Checkout the project and compile your own full jar (all dependencies included):
git clone git@github.com:soulgalore/crawler.git
or add it to Maven, if you want to include the crawler in your project:
<dependency> <groupId>com.soulgalore</groupId> <artifactId>crawler</artifactId> <version>1.5.11</version> </dependency>
Running from the jar, fetching two levels depth and only fetch urls that contains "/tagg/"

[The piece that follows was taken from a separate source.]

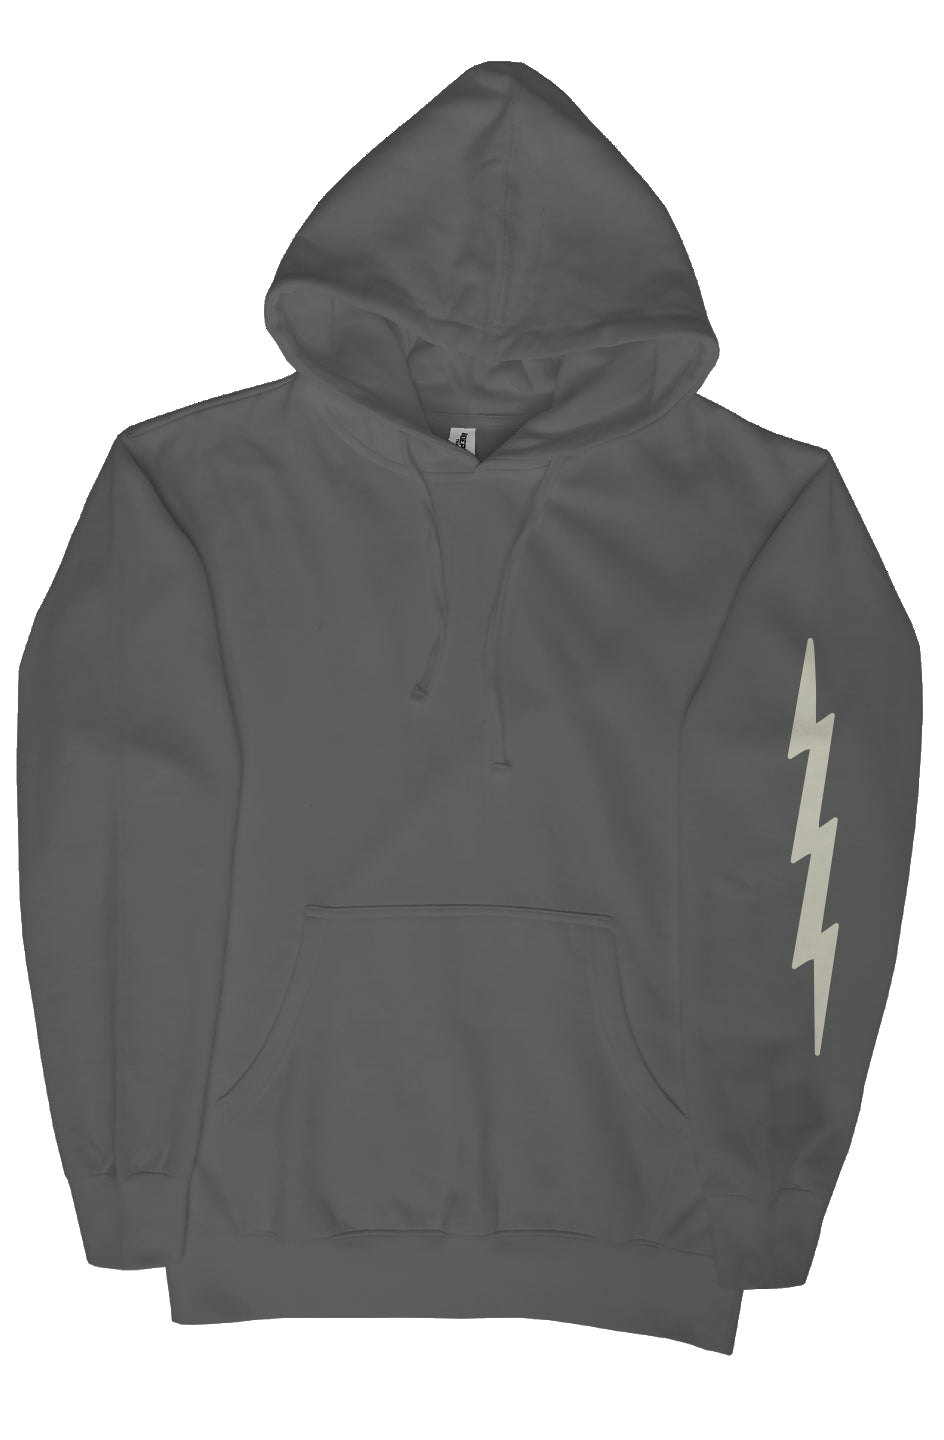 NashTeeth XLongBolts independent heavyweight pullover hoodie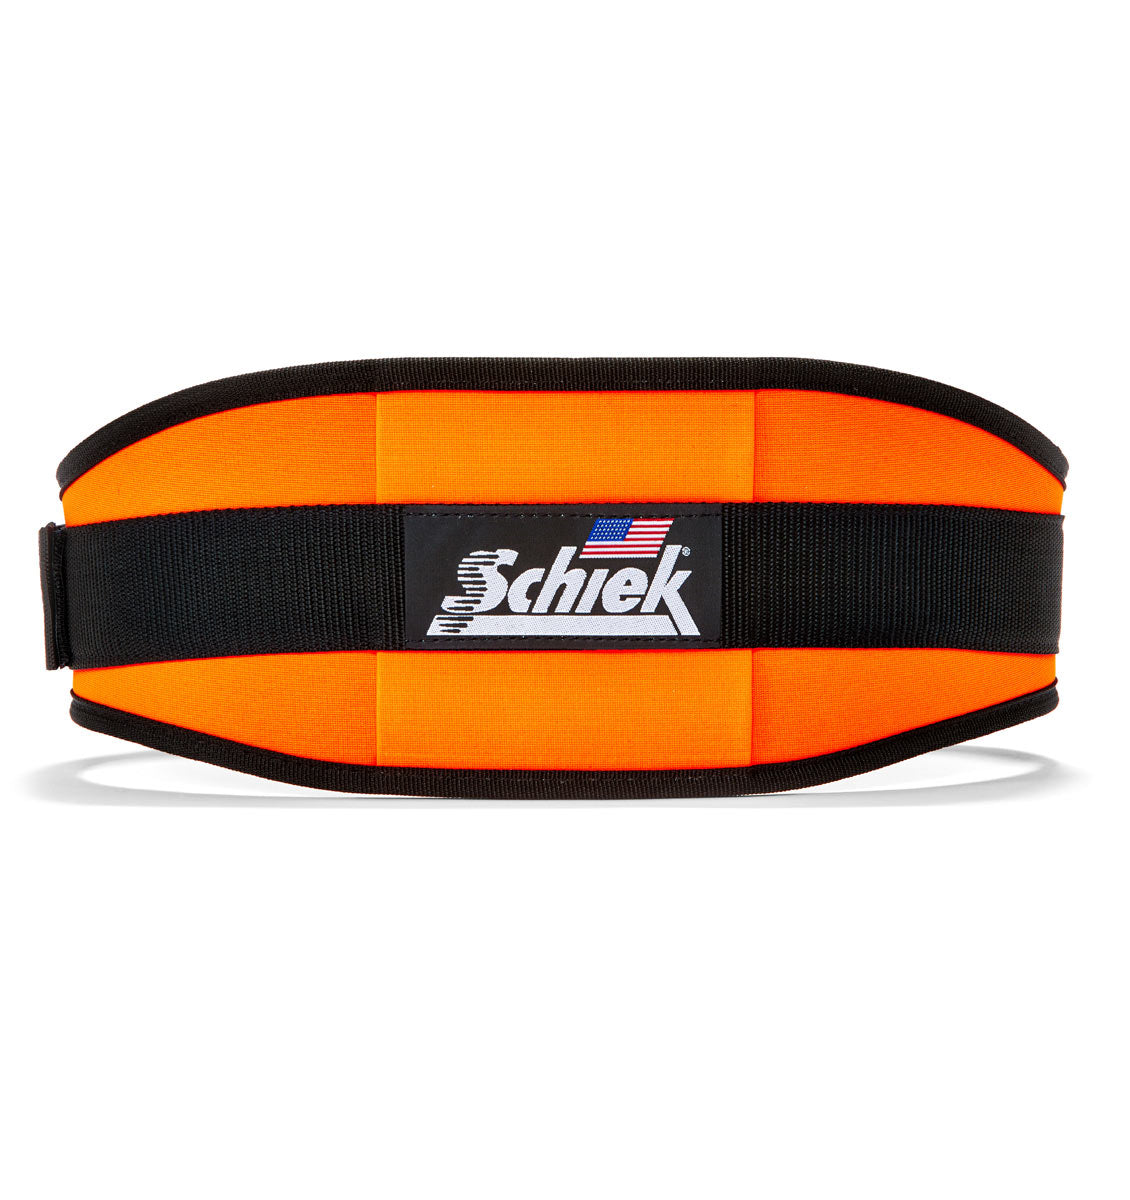 2006 Schiek Contour Weight Lifting Belt Orange Back

java -jar crawler-1.5.11-full.jar -u http://soulislove.com -l 2 -p /tagg/
Running from the jar, adding base auth
java -jar -Dcom.soulgalore.crawler.auth=soulgalore.com:80:peter:secret crawler-1.5.11-full.jar -u http://soulislove.com
Running from the jar, output urls in csv file
java -cp crawler-1.5.11-full.jar com.soulgalore.crawler.run.CrawlToCsv -u http://soulislove.com
Running from the jar, output urls into two text files: workingurls.txt and nonworkingurls.txt
java -cp crawler-1.5.11-full.jar com.soulgalore.crawler.run.CrawlToFile -u http://soulislove.com -f workingurls.txt -ef nonworkingurls.txt
Running from the jar, verify that assets are ok
java -cp crawler-1.5.11-full.jar com.soulgalore.crawler.run.CrawlAndVerifyAssets -u http://www.peterhedenskog.com
Copyright 2014 Peter Hedenskog
Licensed under the Apache License, Version 2.0 (the "License"); you may not use this file except in compliance with the License. You may obtain a copy of the License at
http://www.apache.org/licenses/LICENSE-2.0
Unless required by applicable law or agreed to in writing, software distributed under the License is distributed on an "AS IS" BASIS, WITHOUT WARRANTIES OR CONDITIONS OF ANY KIND, either express or implied. See the License for the specific language governing permissions and limitations under the License.